Publié le 11 mai 2010 par Argoul

Le refus des marchés internationaux de continuer à financer les dettes d’Etat sans examen pousse l’Europe en construction dans ses contradictions. En effet : quelle Europe ?

Fondée après-guerre contre les idéologies totalitaires et pour la paix sur le continent, l’idée était que les intérêts économiques allaient créer avec le temps une solidarité de fait. D’où la CECA sur le charbon et l’acier, puis la CEE d’union douanière. L’étape suivante a été juridique et politique, il fallait consentir certains abandons de souveraineté pour établir des règles de vie communes par le droit. D’où Maastricht, ratifié in extremis puis Lisbonne avec ratification laborieuse, des années plus tard. C’est à ce moment que les contradictions sont apparues.

Elles étaient là dès l’origine mais chacun faisait semblant de ne pas les voir, pensant qu’avec le temps jeunesse se passe :

· Les Etats-Unis soutiennent un bloc militaire et culturel commun à leur botte où exporter – alors que les Européens se préfèrent non pas échangistes mais sociaux, non pas impériaux mais exemplaires. D’où l’insistance déplacée des Etats-Unis pour faire entrer la Turquie dans un ensemble qui n’y est pas prêt. D’où la pression Obama sur Merkel ce week-end du 8 mai, pour la création du fonds de soutien européen. 

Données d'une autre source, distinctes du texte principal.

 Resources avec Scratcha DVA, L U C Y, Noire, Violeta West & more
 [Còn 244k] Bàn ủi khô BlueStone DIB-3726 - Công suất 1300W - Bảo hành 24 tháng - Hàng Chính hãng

· Les Anglais, îliens et fiers de leur nation, soutiennent une zone de libre-échange mais n’acceptent rien de ce qui vient d’ailleurs pour restreindre leurs libertés (fiscalité, droit du travail, monnaie, régulation financière, etc.) – alors que les continentaux ont été plus fédéralistes jusqu’aux années 2000.

· Les Allemands, rigoureux et fiers de leur monnaie et de leur qualité industrielle, ne veulent pas souffrir pour les autres et financer à crédit les déficits persistants et les dépenses clientélistes et improductives des pays du Club Med (dont la France, inventeur du club de vacances, fait donc implicitement partie) – alors que les pays latins préfèrent l’Etat redistributeur, adjudant de l’économie mais qui ferme les yeux sur les passe-droits et les fraudes des clans au pouvoir.

· Les Français voulaient poursuivre la révolution de l’universel au travers d’une Europe-puissance, alors que l’Hexagone devient très moyen à l’échelle du monde – ce dont les Allemands, vaccinés contre l’exportation des idéologies, ne veulent surtout pas et ce dont les Anglais se gardent comme de la peste. D’où l’appel au fédéralisme des Allemands jusqu’à Mitterrand, puis le repli sur soi avec la réunification, enfin le mépris pour les incapables, ces Etats démagogues qui dépensent plus qu’ils ne produisent.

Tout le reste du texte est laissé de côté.